Data mining is a subfield of computer science; it’s a process of discovering patterns in massive data sets involving AI, machine learning, statistics, and database systems. The overall goal of data mining is to get information from data sets and transform them into understandable structures which companies can use.
Data mining involves data management aspects, data pre-processing and visualisation. Data mining is the analysis step of the database information discovery process, the extraction of patterns and knowledge from large amounts of data. It is frequently applied to any application of computer decision support including machine learning, and business intelligence. Often the terms data analysis and analytics are more appropriate.
The actual data mining task is the analysis of large quantities of data so as to extract previously unknown groups of data records. Database techniques such as spatial indices are normally used and can then be seen as a rundown of the data that has been input, data mining can spot multiple groups in data, more accurate prediction results can be obtained by a decision support system.
Data collection, data preparation and reporting aren’t part of the data mining step but are additional steps. Data dredging, data fishing, and data snooping are terms of data mining methods that extract data from parts of a larger population data set. These methods can be used in creating new hypotheses to test against the larger data populations.
Data mining appeared around 1990 in the database community, database mining was used at first. However, the term data mining became more popular in the business communities, since about 2007. Predictive Analytics and Data Science terms were also used to describe this field. The Journal Data Mining and Knowledge Discovery is the main research journal within the field.
Data mining involves six common classes of tasks, anomaly detection, identifying unusual data records, association rule learning, and relationship searches between variables. Using association rule learning for example, a supermarket can determine which products are bought together and use this information for marketing. Clustering is the task of finding groups and structures in data that are similar without using known structures in the data.

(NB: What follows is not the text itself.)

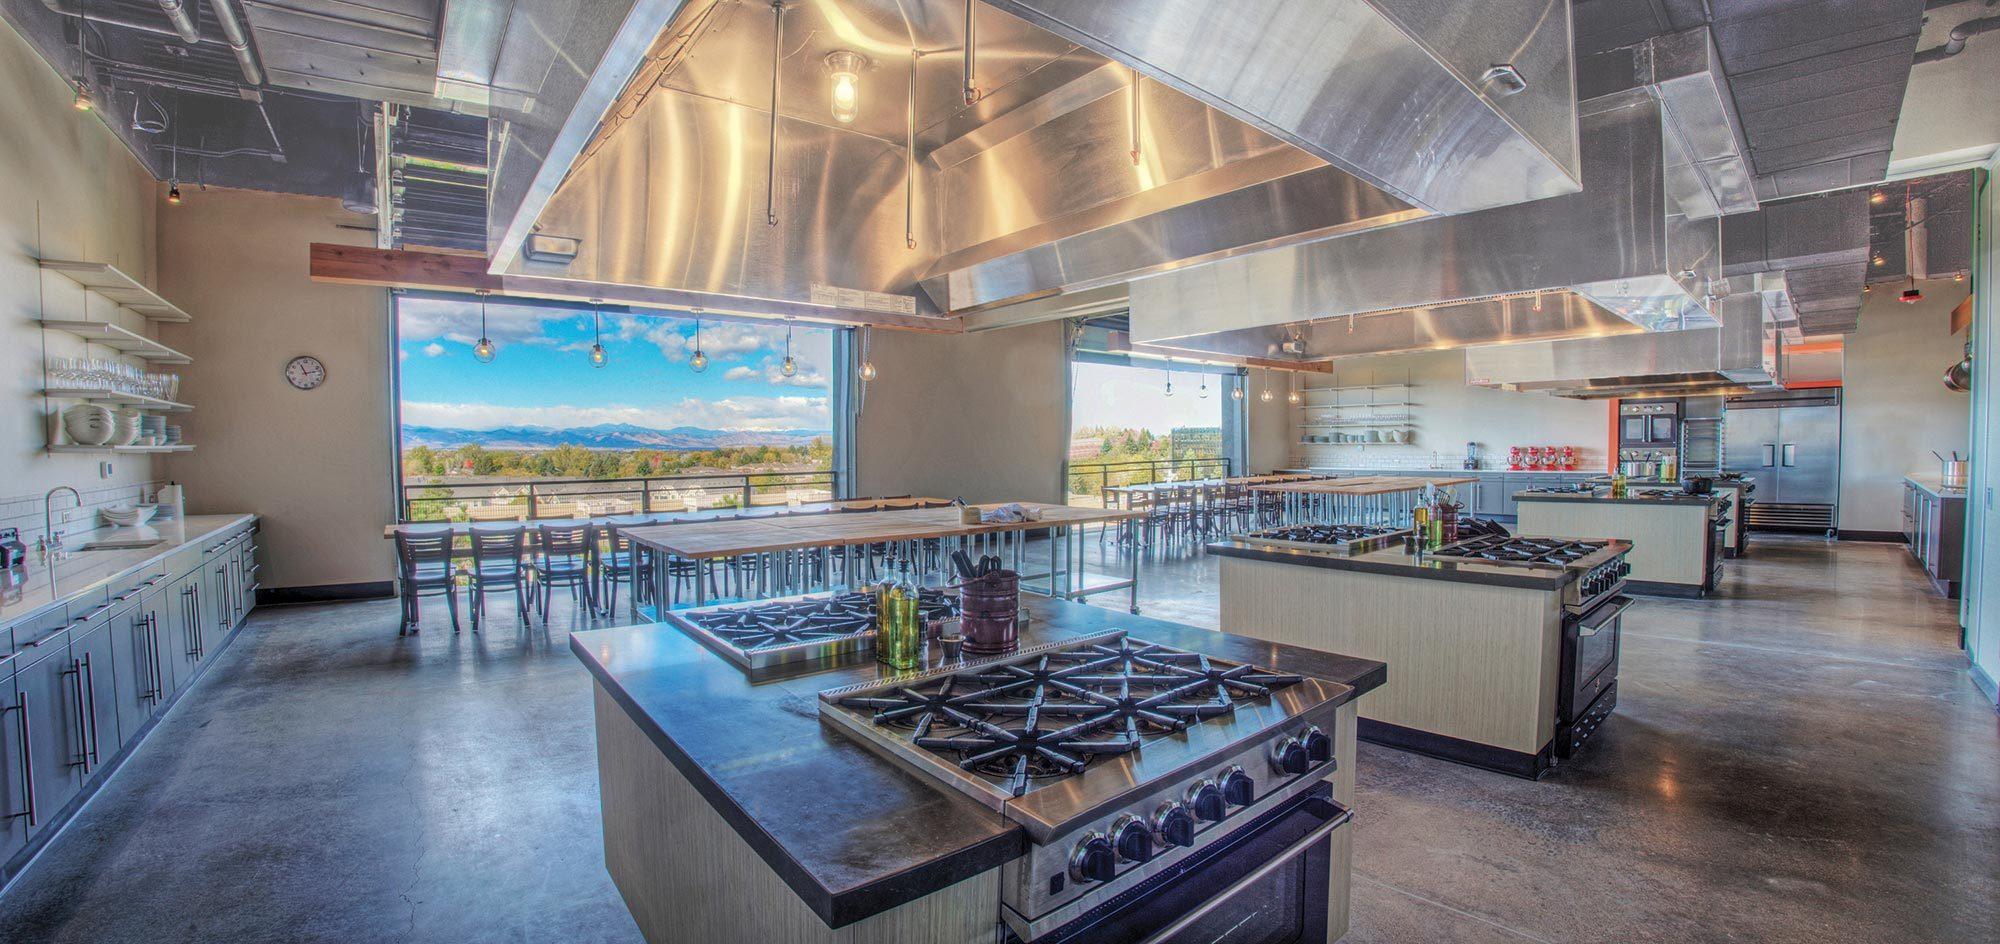 Uncorked Kitchen & Specialty Appliance

Classification in new data is the task of generalizing known structure. Regression tries to find a function which models the data with the least error. Summarization provides a compact idea of the data set with visualization and report generation.
Data mining can produce results which appear to be correct but which do not actually predict future behaviour and can’t really be used. This is usually because they investigate too many hypotheses and do not perform proper statistical hypothesis testing. The final step of knowledge discovery from data is to find the patterns produced by the data mining algorithms in the wider data set, data patterns are not always found.
When data mining algorithms find patterns in the training set which are not present in the general data set then this is called overfitting; to stop this, it uses a test set of data on which the data mining algorithm was not trained. Learned patterns are applied to this data test set and the results are compared to the results which are preferred. A data mining algorithm which tries to tell the difference between spam and normal emails would be trained on a training set of sample e-mails. After this the learned patterns would be applied to the test set on which it had not been trained, accuracy can then be measured from how many emails they correctly group.